Гости одобрительно закивали и с готовностью подтвердили сказанное Платоновым. Но после того как бокалы были поставлены обратно на стол, Бурлак спросил:
– Иван Иванович, вот ты сказал только что: «У Козыревых всегда хорошо». Я с тобой согласен. Но вот какой вопрос хотел бы я задать всем. А что такое это «хорошо»? И что есть обратное?
– Петр Степанович, мне кажется, ответ на этот нехитрый вопрос дети интеллигентных родителей узнают обычно еще в детстве. «Что такое хорошо и что такое плохо». Ты что, не читал своим детям Маяковского? – удивился Николаев.
– Нет, Владимир Петрович, стихотворение я читал. И я прекрасно знаю, что считается у нас хорошим и что считается плохим. Но я спрашиваю сейчас вовсе не об этом. Я, если хочешь, имею в виду физику явления.
– Не знаю, как с физикой, – ответил Николаеву Платонов, – а вот с точки зрения психологии, тут, по-моему, все просто. Если поступок вызывает положительные эмоции окружающих – то он хороший, если отрицательные – то плохой. Надеюсь, разницу между положительными и отрицательными эмоциями никому объяснять не требуется?
– А что это значит? – не унимался Бурлак. – Каким именно образом наши слова и поступки вызывают эмоции у окружающих? Что это за тип взаимодействия такой? Из известных мне я не могу подобрать подходящий!
– Есть один вариант, – включился в беседу Косаченко. – Это, конечно, пока еще только гипотеза. Незавершенная теория. Я говорю о торсионном взаимодействии. Есть в физическом вакууме нечто, некая неизвестная пока сущность, которая предположительно посредством вращения может взаимодействовать с нашим сознанием. Частичка, обладающая одним только спином, без массы, без энергии. Если упрощенно, то мы своими поступками, словами или даже мыслями способны изменять направления вращения этих микросущностей. С другой стороны, своим мозгом, или еще чем-то, мы точно так же можем улавливать текущее состояние этой системы, состоящей из огромного количества микроскопических вращающихся объектов. Правое вращение – благоприятное, левое – наоборот.
– А что есть правое или левое в нашей изотропной Вселенной? – удивился Павел Тимофеевич. – Правое или левое имеет смысл только с определенной точки зрения. Если сделать часы с прозрачным циферблатом и посмотреть на них с обратной стороны, с тыла, так сказать, то мы увидим, что стрелки идут в обратную сторону. Так что понятие правого и левого весьма относительно в нашем мире.

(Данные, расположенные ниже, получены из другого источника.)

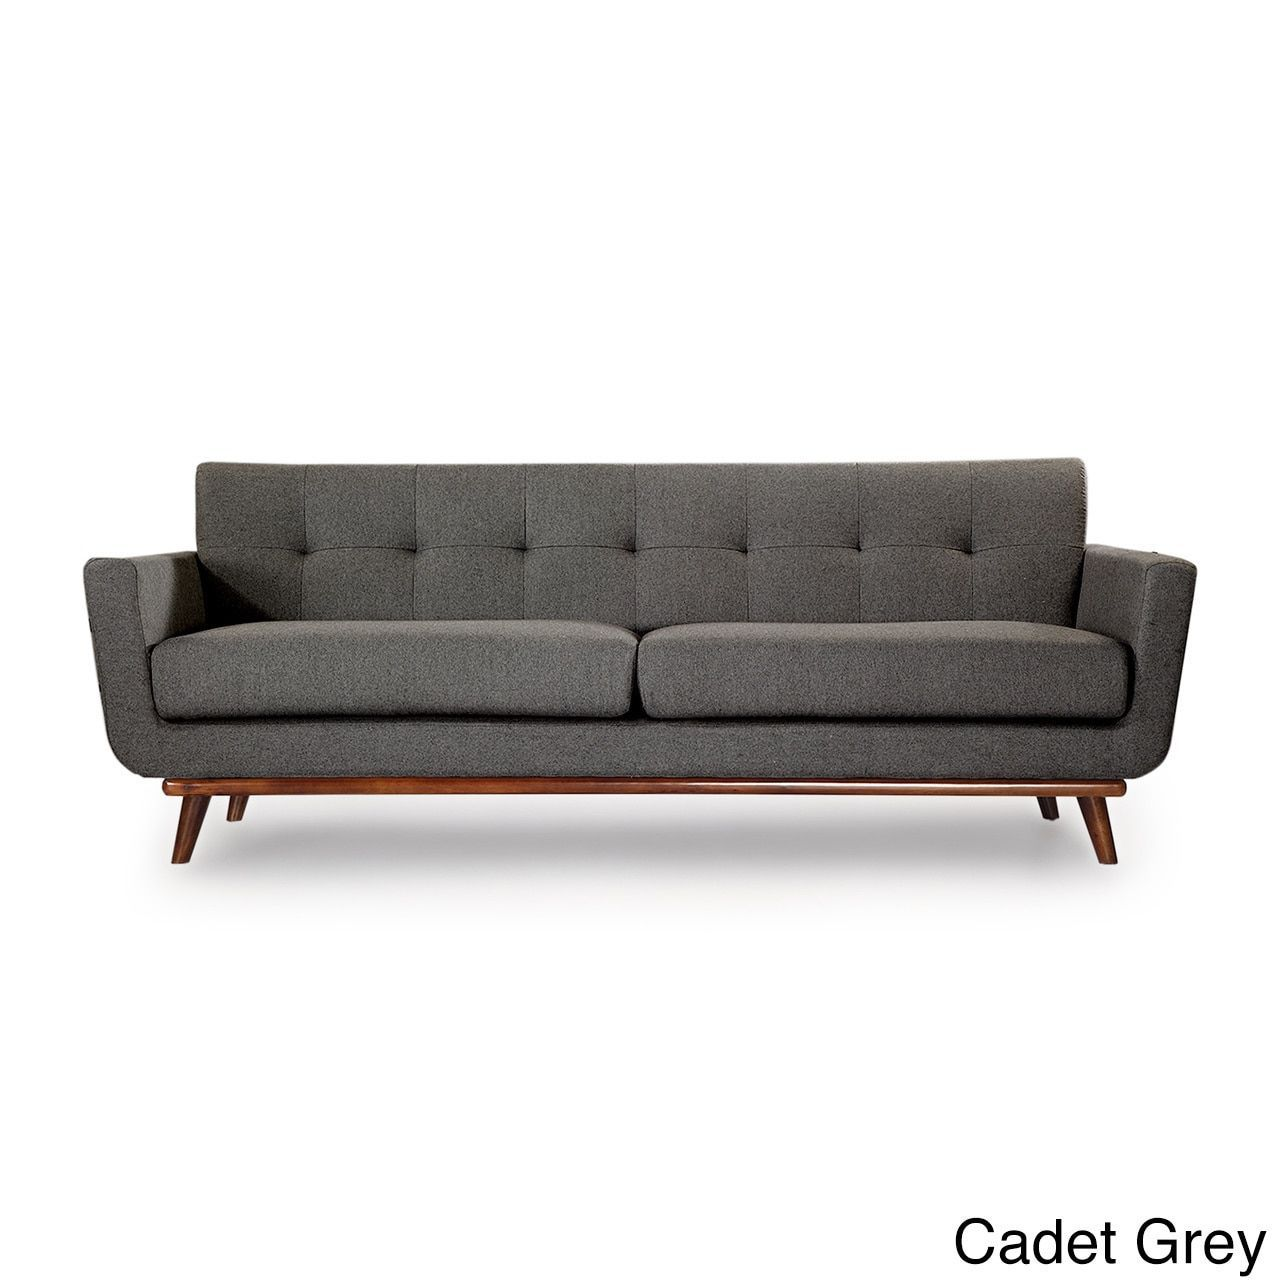 carson carrington namsos mid century modern cashmere tweed classic rh pinterest com

– Так это что, получается, что добро и зло тоже относительно? – удивился Платонов.
– А ты что, сомневался? – вмешалась в разговор Любовь Федоровна.
– Нет, я понимаю, что человек познает все исключительно в сравнении. Человек не может оценить, хорошо или плохо. Может лишь сравнить «лучше» или «хуже». И это сравнение очень сильно зависит от текущего жизненного опыта человека, от того, к чему он привык.
– Как сделать человеку хорошо? – Козырев решил внести в беседу толику здорового юмора. – Нужно сделать ему плохо, а потом вернуть как было. А если серьезно, то человек начинает понимать и ценить то, что у него есть, только после того, как появляется реальная опасность это потерять. Ну или если уже потерял.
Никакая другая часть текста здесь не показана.